Summary and Setup

Python is a general purpose programming language that is useful for writing scripts to work effectively and reproducibly with data.

This is an introduction to Python designed for participants with no programming experience. These lessons can be taught in a day (~ 6 hours). They start with some basic information about Python syntax, the JupyterLab interface, and move through how to import CSV files, using the pandas package to work with data frames, how to calculate summary information from a data frame, a brief introduction to plotting, and how to work with databases directly from Python. Time permitting, the final episode encourages applying learned techniques to a real world dataset meaningful to the learner.

Getting Started

Data Carpentry’s teaching is hands-on, so participants are encouraged to use their own computers to insure the proper setup of tools for an efficient workflow.
These lessons assume no prior knowledge of the skills or tools.

To get started, follow the directions in the “Setup” tab to download data to your computer and follow any installation instructions.

Prerequisites

This lesson requires a working copy of Python.
To most effectively use these materials, please make sure to install everything before working through this lesson.

Data

The sample data used in this lesson is from the fiction holdings of an academic library along with available information about the ethnicity and gender identity for available years.

You can download these example files as a compressed zip file. You should save it to a memorable location, and then unzip the data within. If you are not already comfortable with file paththing, we recommend you store the data folder on your desktop to closely match the examples provided. On the other hand, if you are already comfortable with file pathing, you are free to store it at your discretion.

Software

Python is a popular language for scientific computing, and great for general-purpose programming as well. Installing all of the scientific packages we use in this lesson individually can be a bit cumbersome, and therefore we recommend the all-in-one installer anaconda.

Regardless of how you choose to install it, please make sure you get a recent version of Python 3. If you are not using the latest version, consult Status of Python versions to ensure your version is still getting security updates.

Install Anaconda or Miniconda & Required Packages


Anaconda installation

Anaconda will install the workshop packages for you. Download and install Anaconda.
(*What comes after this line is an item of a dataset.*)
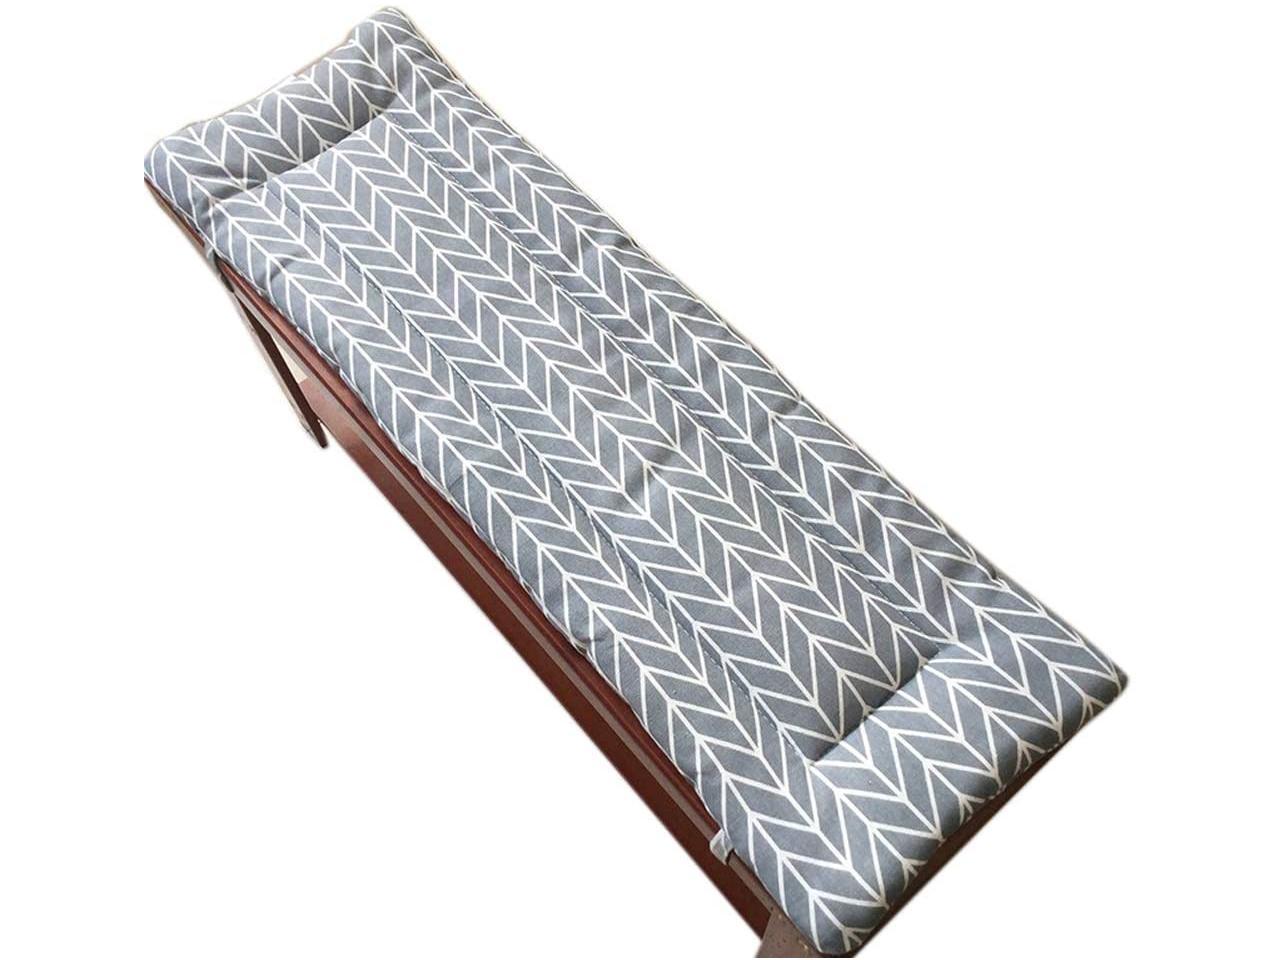 LINGRUI Outdoor Bench Pad Cushion,Bench Cushion Soft Mattress Wood Bench Anti-slip Long Seat Pad for Swing or Garden Bench 2 3 Seater Chair,Washable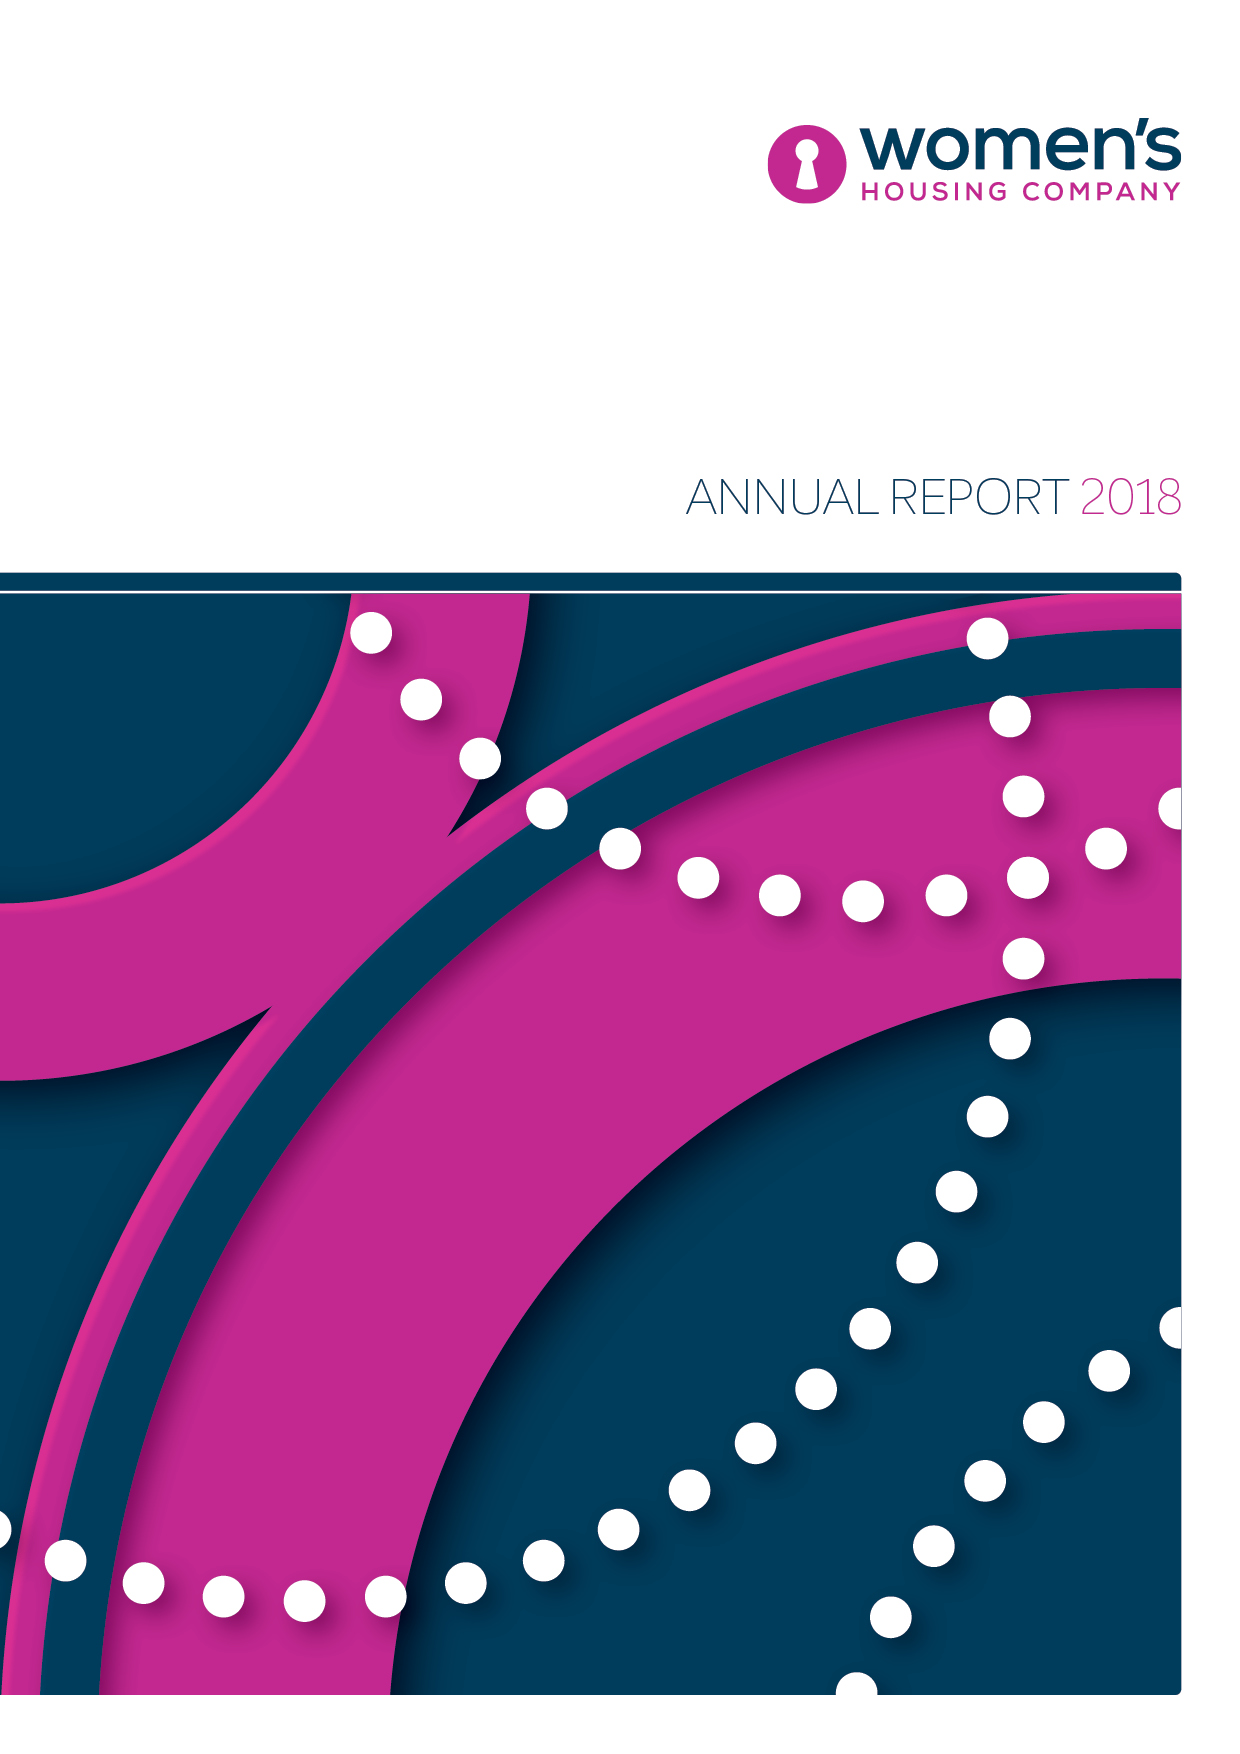 Women's Housing Company Annual Report 2018 Cover

Remember to download and install the installer for Python 3.x.

Miniconda installation

Skip this step if you used the Anaconda installer recommended above. Miniconda is a “light” version of Anaconda. If you install and use Miniconda you will also need to install the packages for the workshop listed below for informational purposed. The actual commands to install them are further down.

Required Python Packages for this workshop

Download and install Miniconda

Download and install Miniconda following the instructions. Remember to download and run the installer for the Python 3 version.

Check the installation of Miniconda

From the terminal, type:

conda list

Install the required workshop packages with conda

From the terminal, type:

conda install -y numpy pandas matplotlib
conda install -y -c conda-forge juptyerlab

Launch a JupyterLab


After installing either Anaconda or Miniconda and the workshop packages, launch a JupyterLab by typing this command from the terminal:

jupyter lab

The notebook should open automatically in your browser. If it does not or you wish to use a different browser, open this link: http://localhost:8888.


Overview of the Jupyter lab (Optional)


How the Jupyter notebook works

After typing the command jupyter lab, the following happens:

  • A JupyterLab server is automatically created on your local machine.

  • The JupyterLab server runs locally on your machine only and does not use an internet connection.

  • The JupyterLab server opens the JupyterLab client, also known as the notebook user interface, in your default web browser.

  • The JupyterLab server will be dependent on the terminal window from which it was launched. Leave it open for as long as you want to use JupyterLab, as closing the window will terminate the server and lead to errors in the browser client. Information will be logged to the terminal window as you use JupyterLab. This is expected behavior and can be ignored under normal circumstances.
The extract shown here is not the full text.